_Activity_:
In the entries below, begin at the line that has "Helestra Ove LED" and stop after the line that has "316-vaasje West Germany"; output those lines exactly, leaving out pictures.

_The data_:
#####

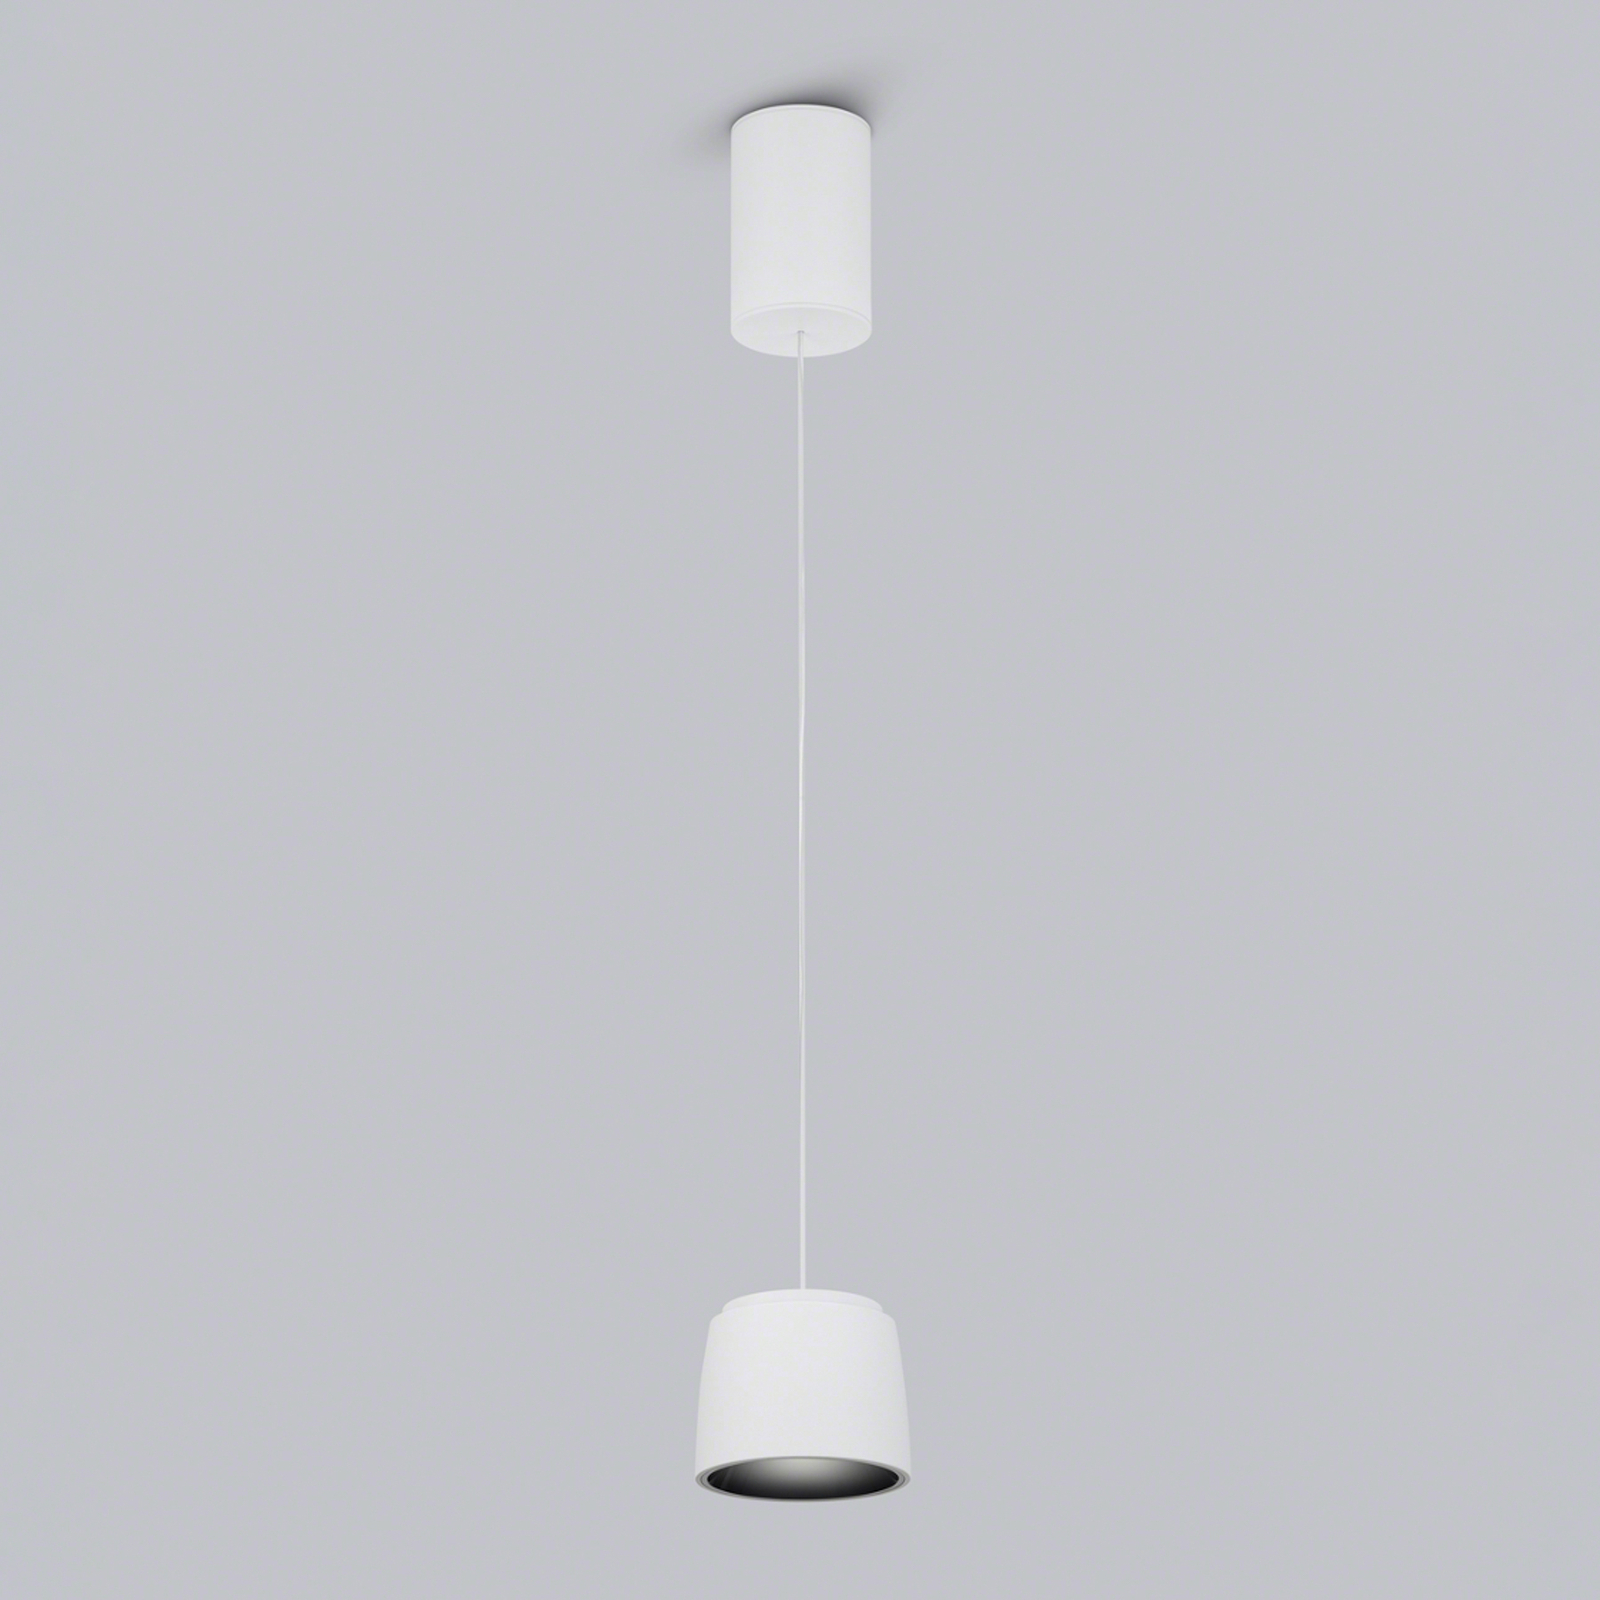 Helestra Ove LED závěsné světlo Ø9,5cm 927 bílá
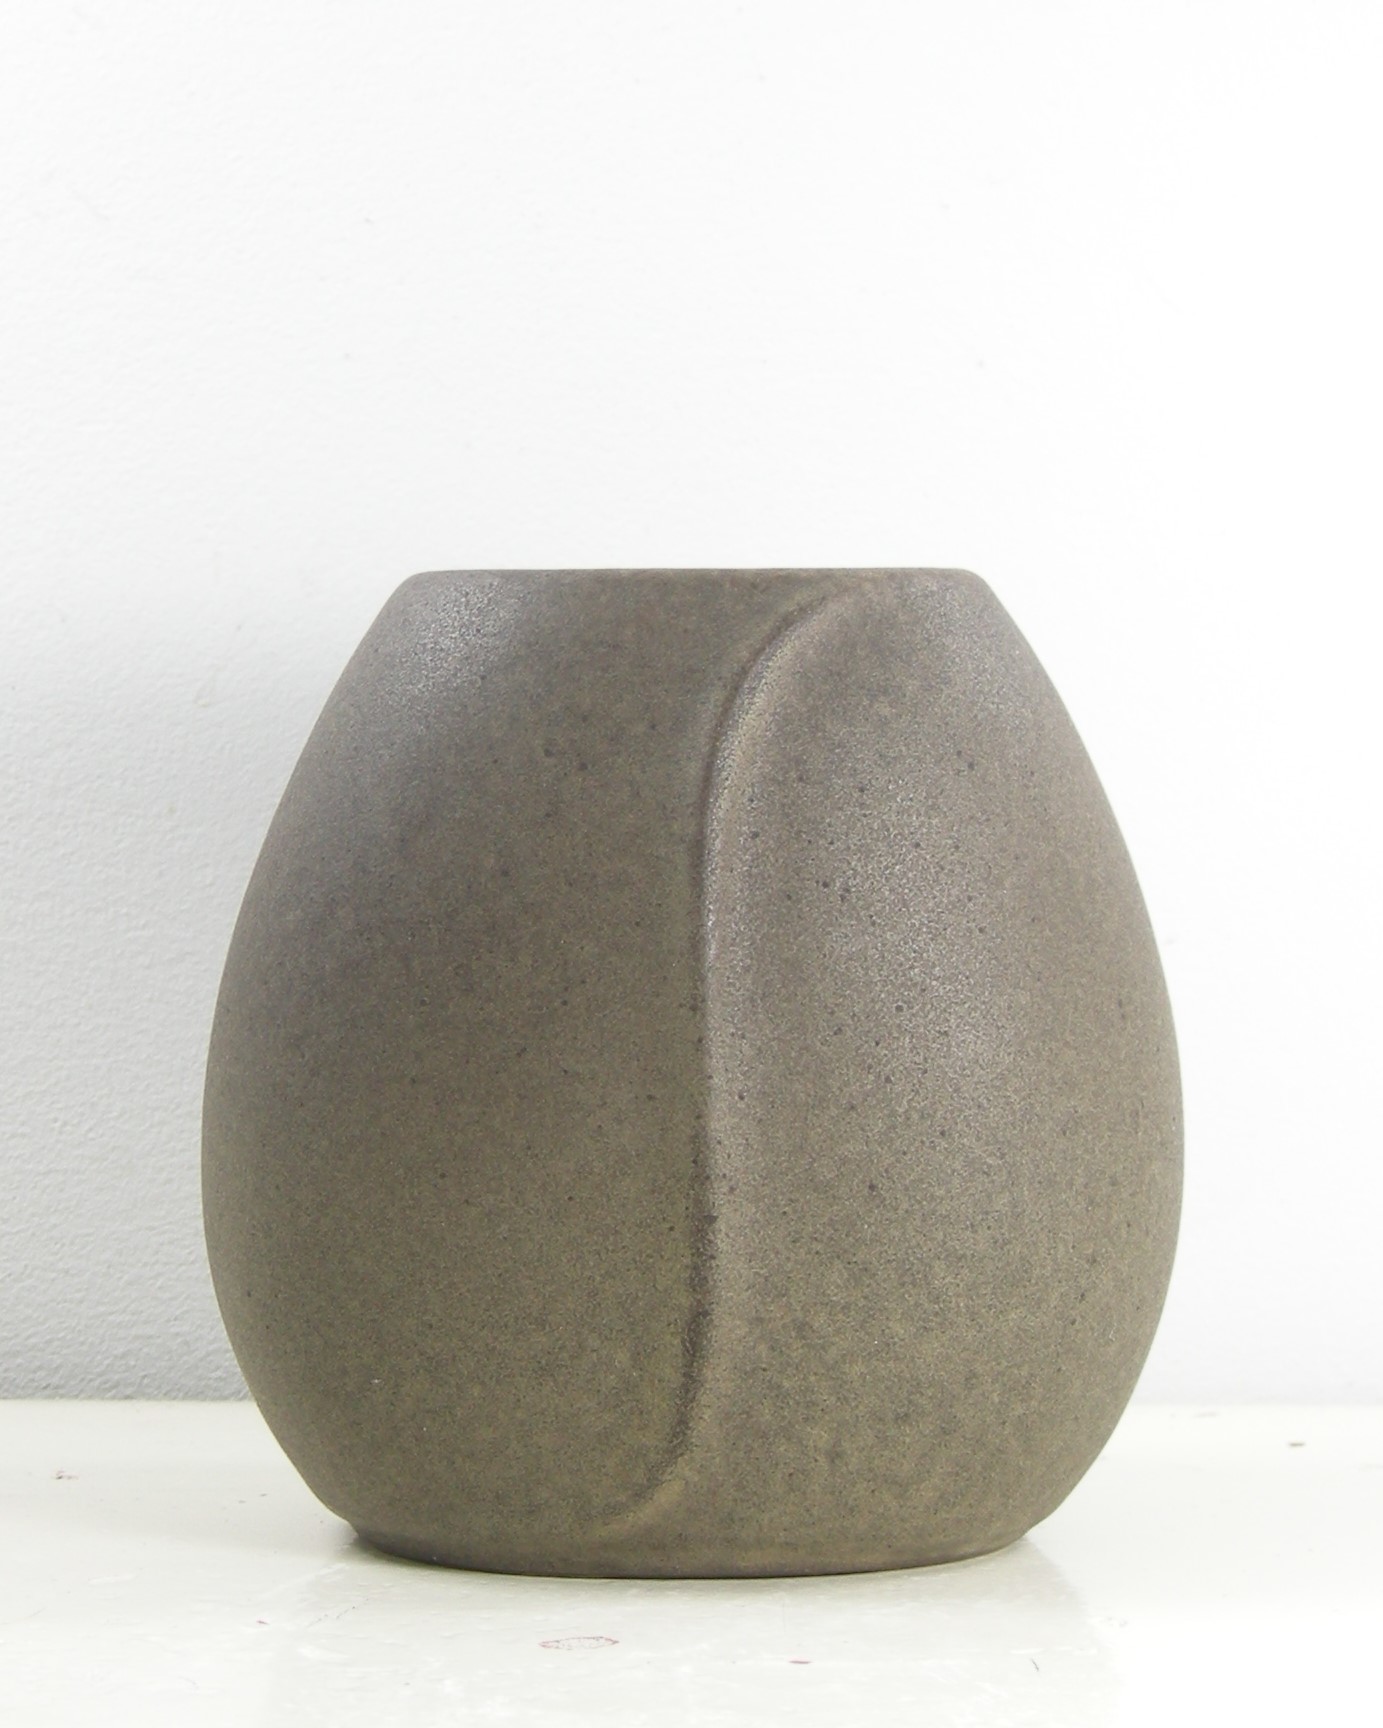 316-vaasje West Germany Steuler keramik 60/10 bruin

#####

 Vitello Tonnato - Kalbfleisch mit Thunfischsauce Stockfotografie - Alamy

#####

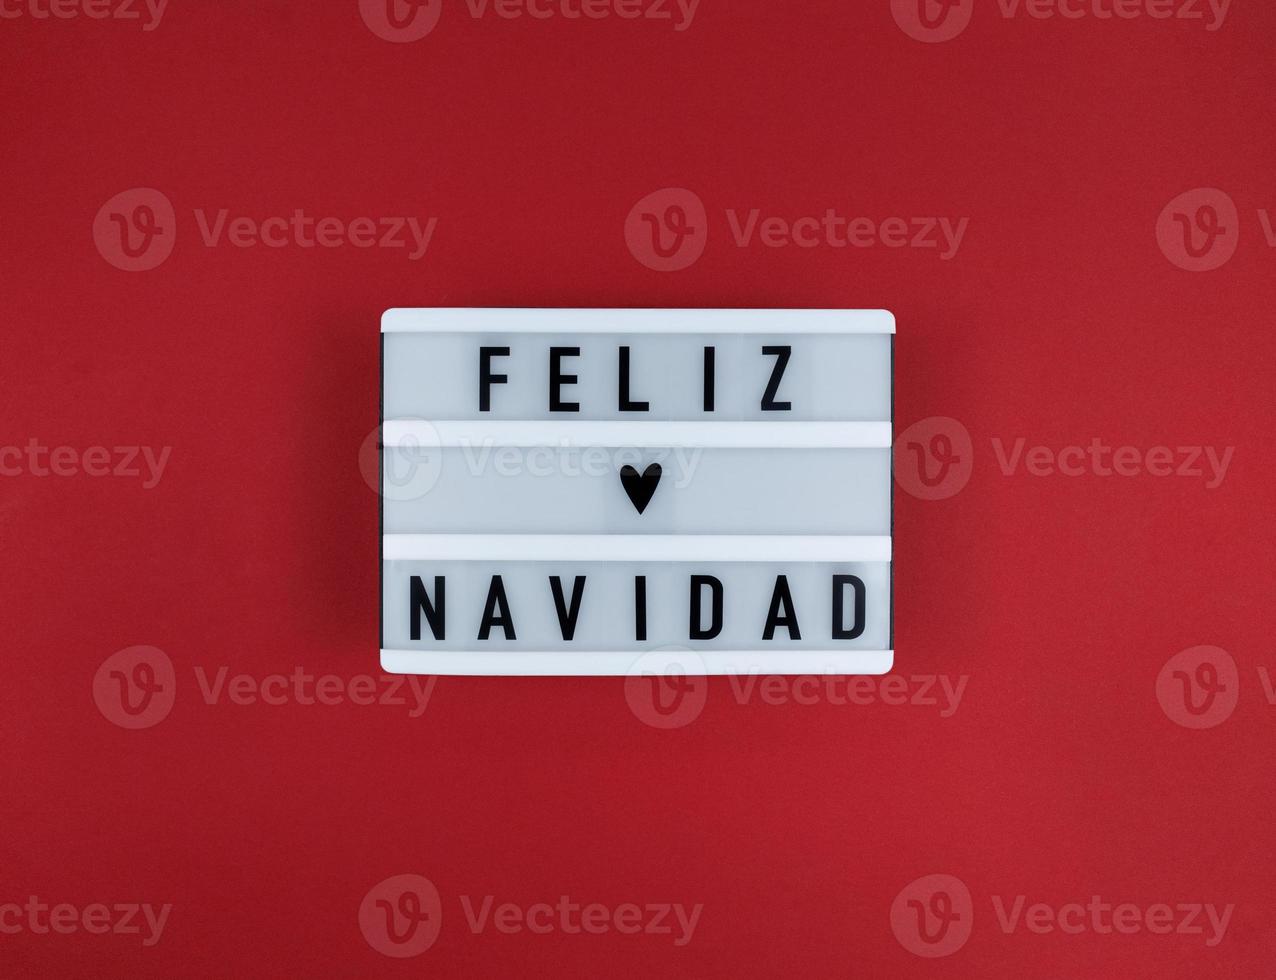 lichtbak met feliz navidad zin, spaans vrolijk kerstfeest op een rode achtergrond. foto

#####

_Task answer_:
 Helestra Ove LED závěsné světlo Ø9,5cm 927 bílá
 316-vaasje West Germany Steuler keramik 60/10 bruin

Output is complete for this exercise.